* Problem details
Reproduce the full listing below exactly. Do not include the pictures.

* Data extract
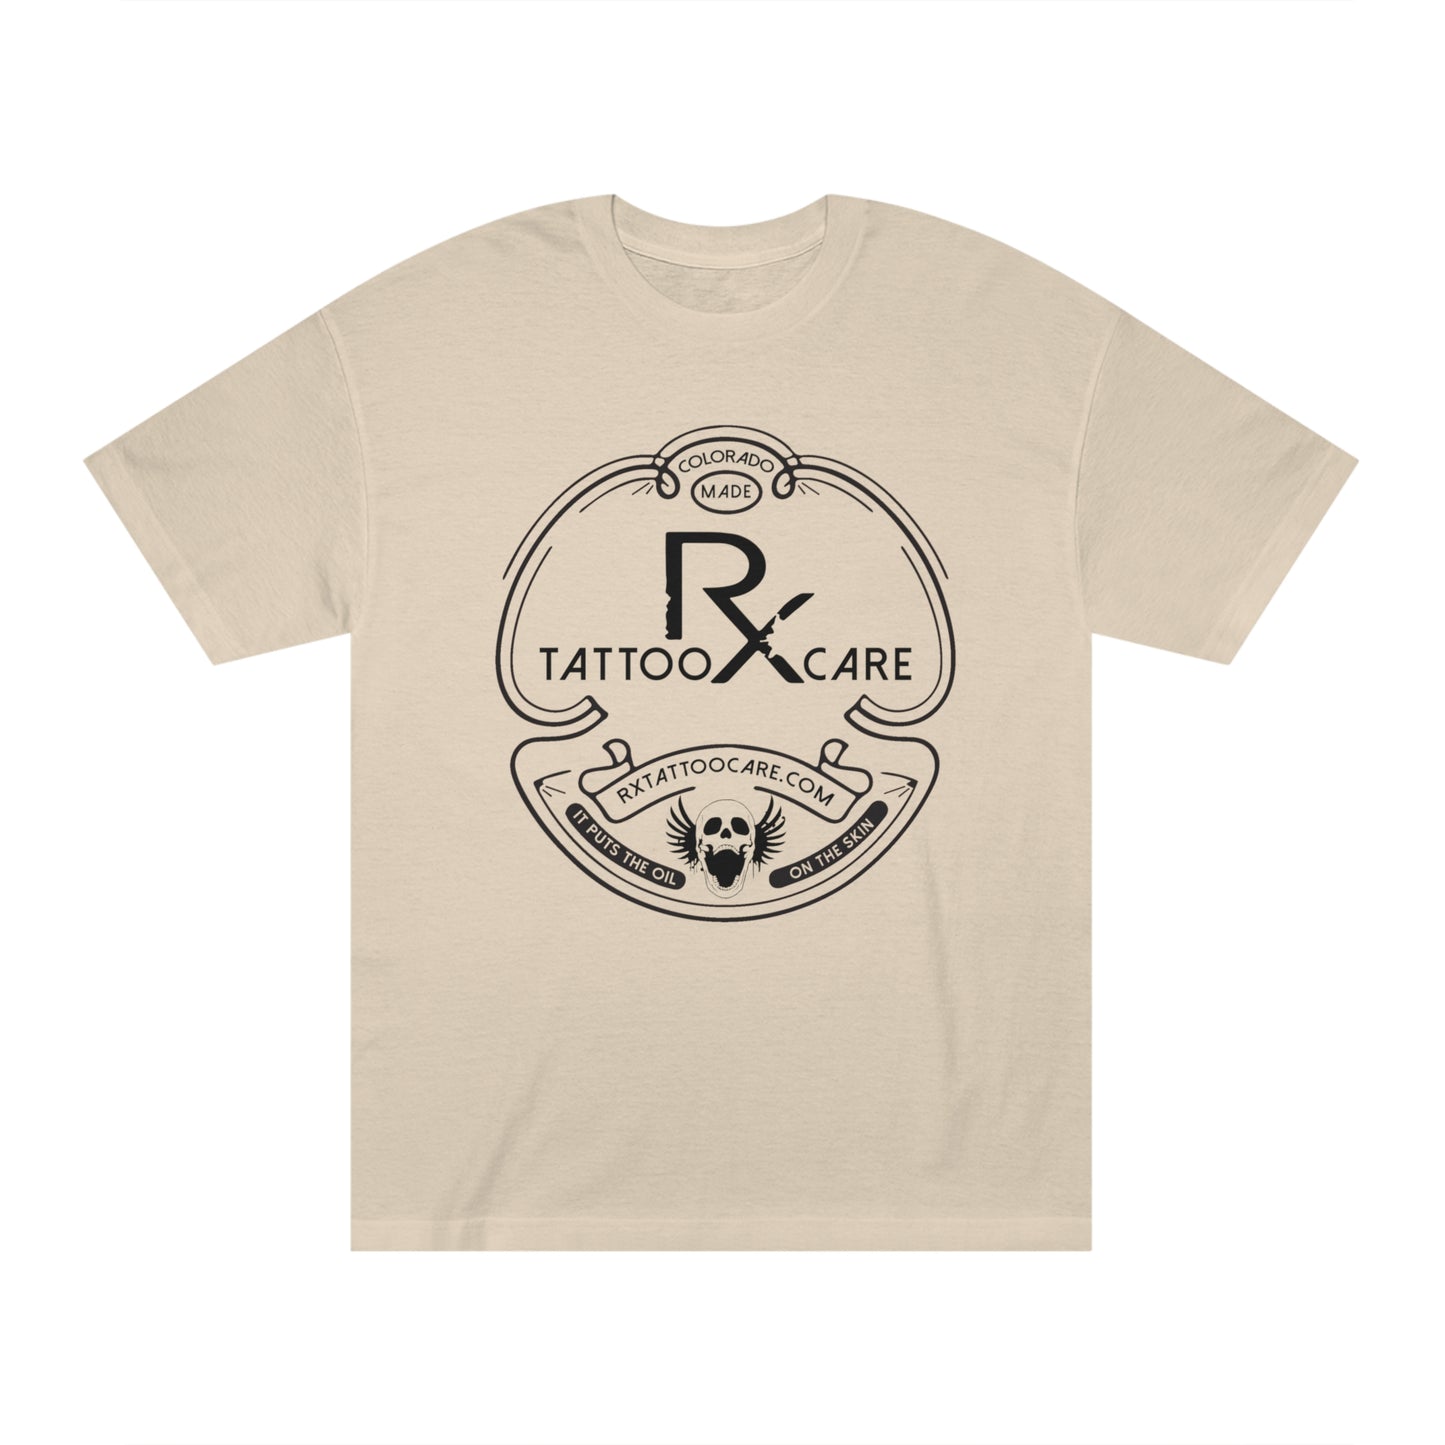 Old School RX Shirt
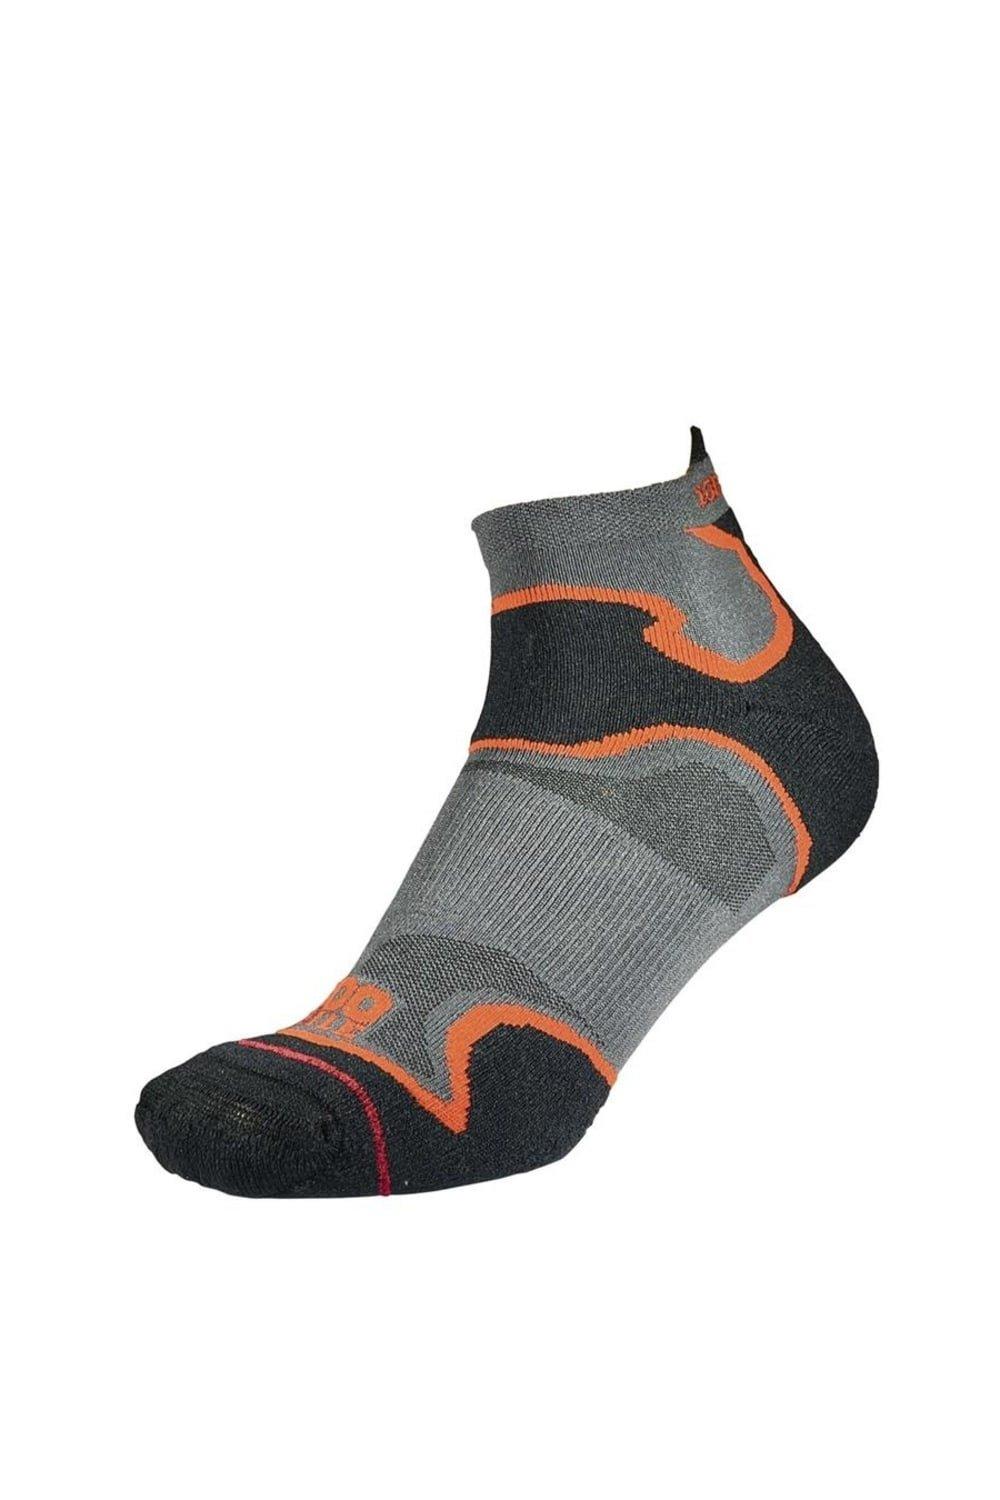 Fusion Ankle Socks
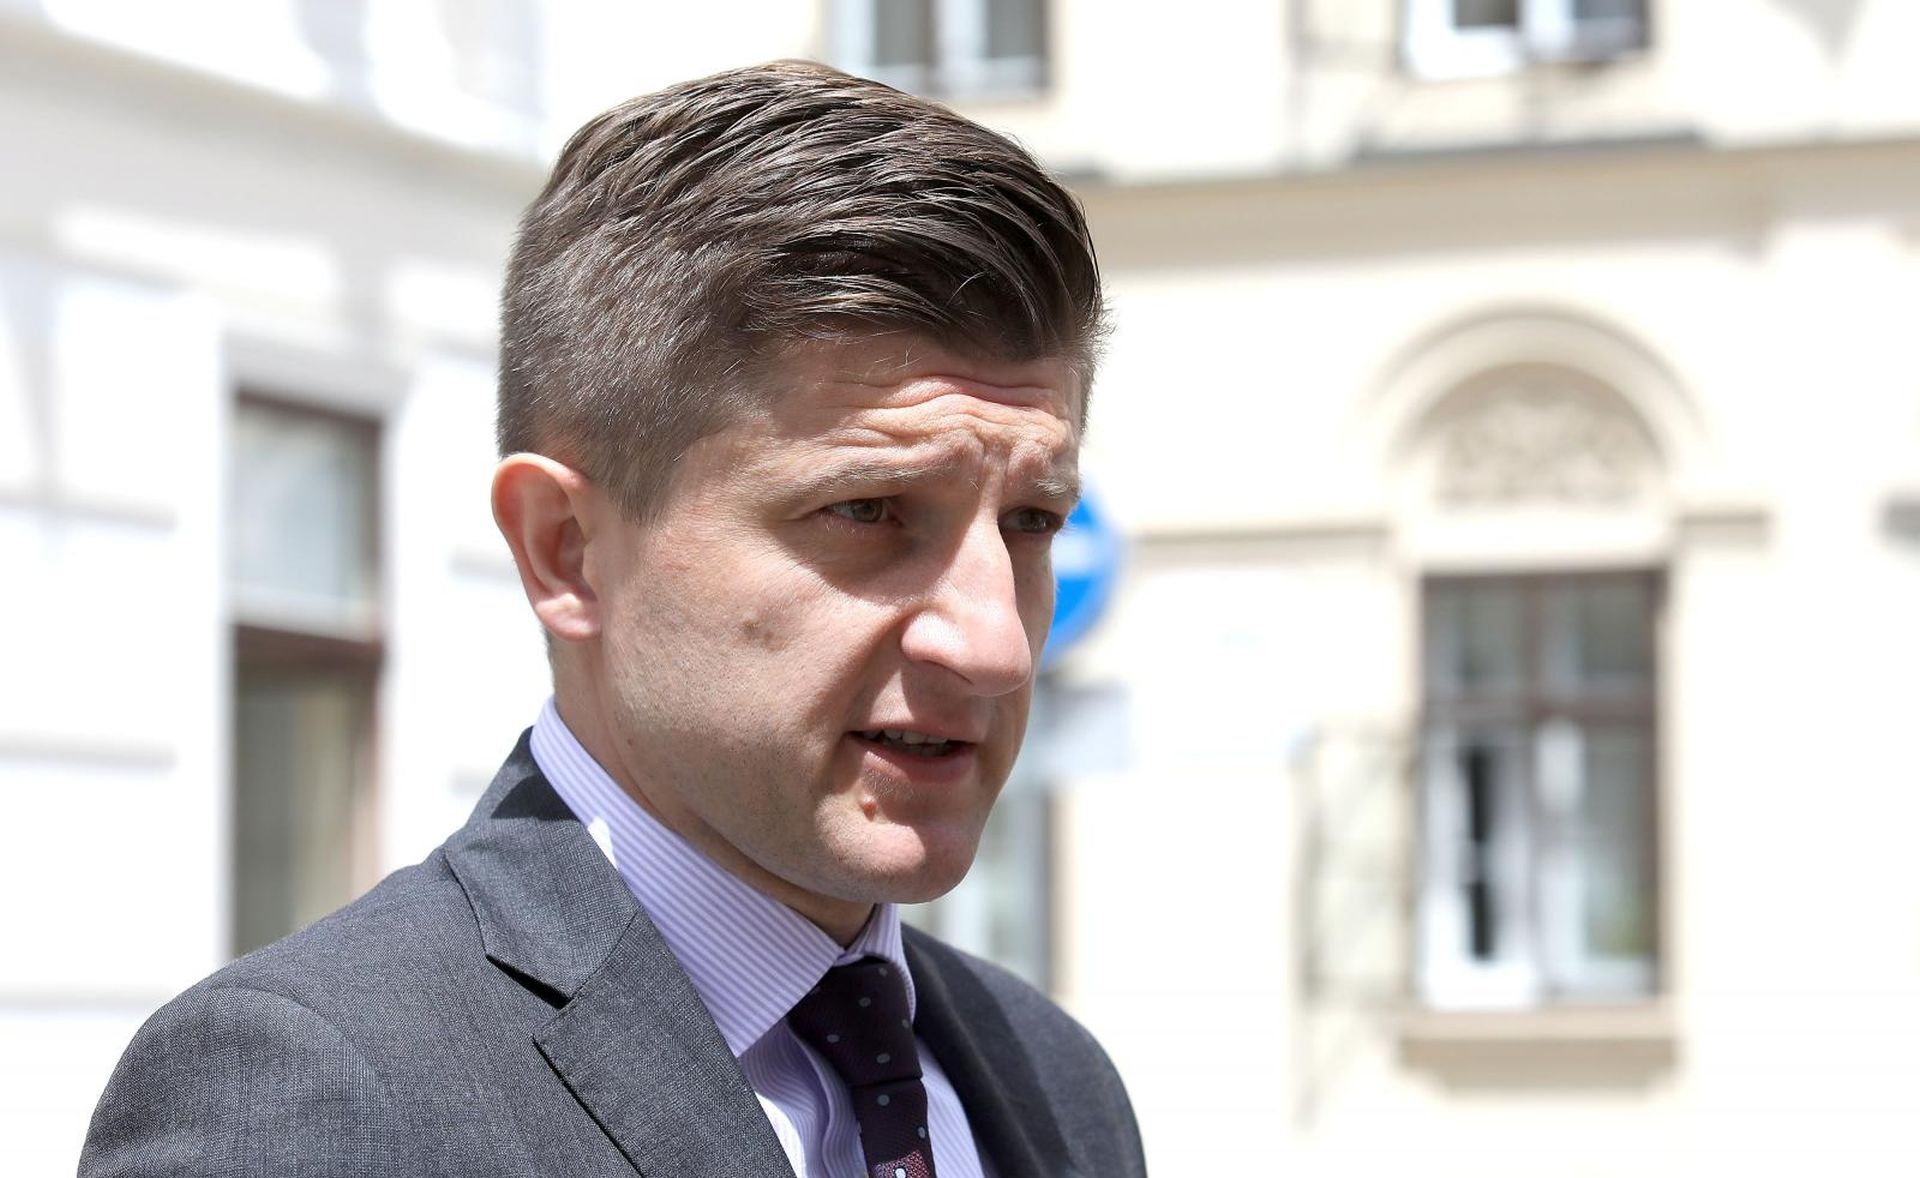 07.07.2020., Zagreb - Ministar financija Zdravko Maric komentirao je ispred Banskih dvora procjene pada BDP-a od 10,8%. Photo: Patrik Macek/PIXSELL

* Solution for this task
 Old School RX Shirt
 Fusion Ankle Socks
 07.07.2020., Zagreb - Ministar financija Zdravko Maric komentirao je ispred Banskih dvora procjene pada BDP-a od 10,8%. Photo: Patrik Macek/PIXSELL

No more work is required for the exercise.